Положил патрон на стол.
В бутылке еще осталась сивуха. Присел, чтобы допить. Не пропадать же добру, да и неизвестно, какой окажется дорога.
Пощупал деньги в потайном кармане. На первое время хватит, а там видно будет.
Патрон лежал на газете рядом с фотографией…
Взять ее с собой? Он уже протянул было руку и отдернул ее.
Страшные мысли громоздились одна на другую.
Ну хорошо. Пусть он уйдет, исчезнет, скроется от ответственности. А дальше что?.. Чем все это кончится, когда и как?..
Может быть, проще — закончить сразу счеты и с рудником, и с хозяевами, и с этой фотографией, которая теперь все равно не даст спокойно жить.
Макаров зарядил еще один патрон и заложил его в чью-то сумку, приготовленную на утро, а первый заправил за околыш шапки-ушанки, лежащей на столе.
Несколько минут что-то писал на листке бумаги, вырванной из тетрадки для записей работы взрывников.
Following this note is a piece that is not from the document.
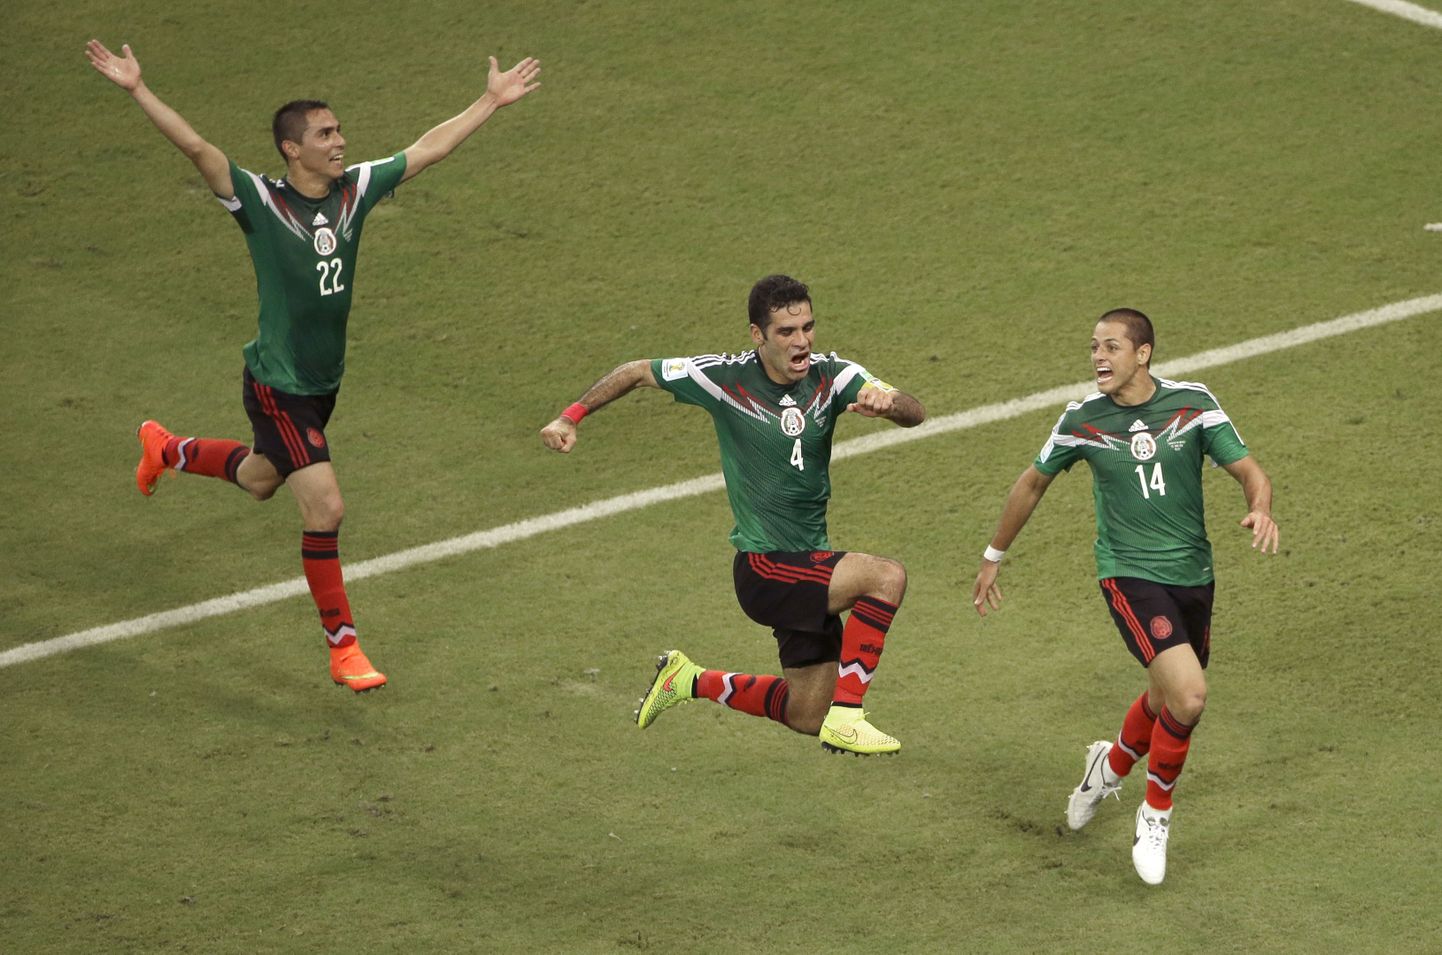 Väravalööja Rafael Marquez (keskel) tähistab koos meeskonnakaaslastega Mehhiko võitu.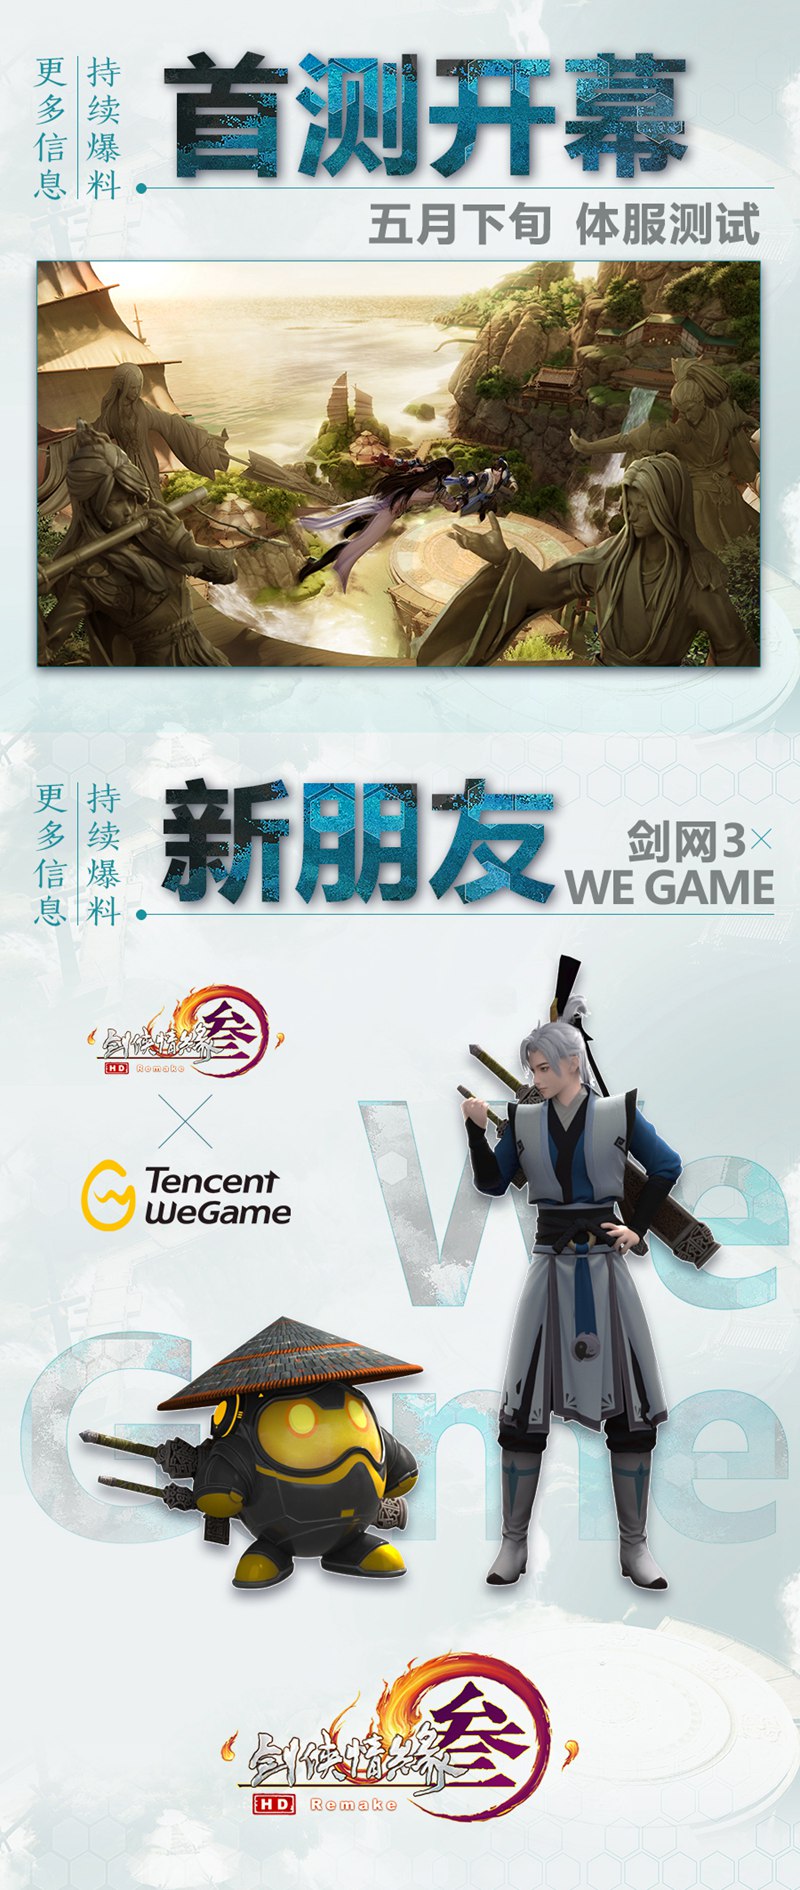 《剑网3》大师赛冠军今日诞生 携手WeGame共闯江湖

Завернул записку в газету и засунул себе за голенище…
Медленно поднялся с места, обрезал шнуры у обоих заряженных патронов так, что они должны были сгореть за одну-две минуты… Подошел опять к двери, ведущей к складу… Надел шапку, закурил и той же спичкой по очереди зажег оба шнура.
Всеми силами прижавшись к двери, чтобы не упасть, он лихорадочно затягивался махорочным дымом… Раз, другой… Но поймав себя на желании сбросить с головы страшную шапку, выплюнул закрутку, схватился руками за дверь и запел, вернее, зарычал:
«Соловей, соловей, пташечка…»
Довольно сильный взрыв сразу нескольких патронов динамита разбросал и поджег зарядную. Уже через несколько минут прибежали люди.
Пожар был потушен. Среди обломков помещения нашли обезображенный труп старика.
Поселок об этом происшествии услышал только утром, когда люди пришли с ночной смены.
Макаров не знал, что в этот самый день, когда он уезжал на железнодорожную станцию для встречи с Рыжим, из зарядной была вывезена вся взрывчатка.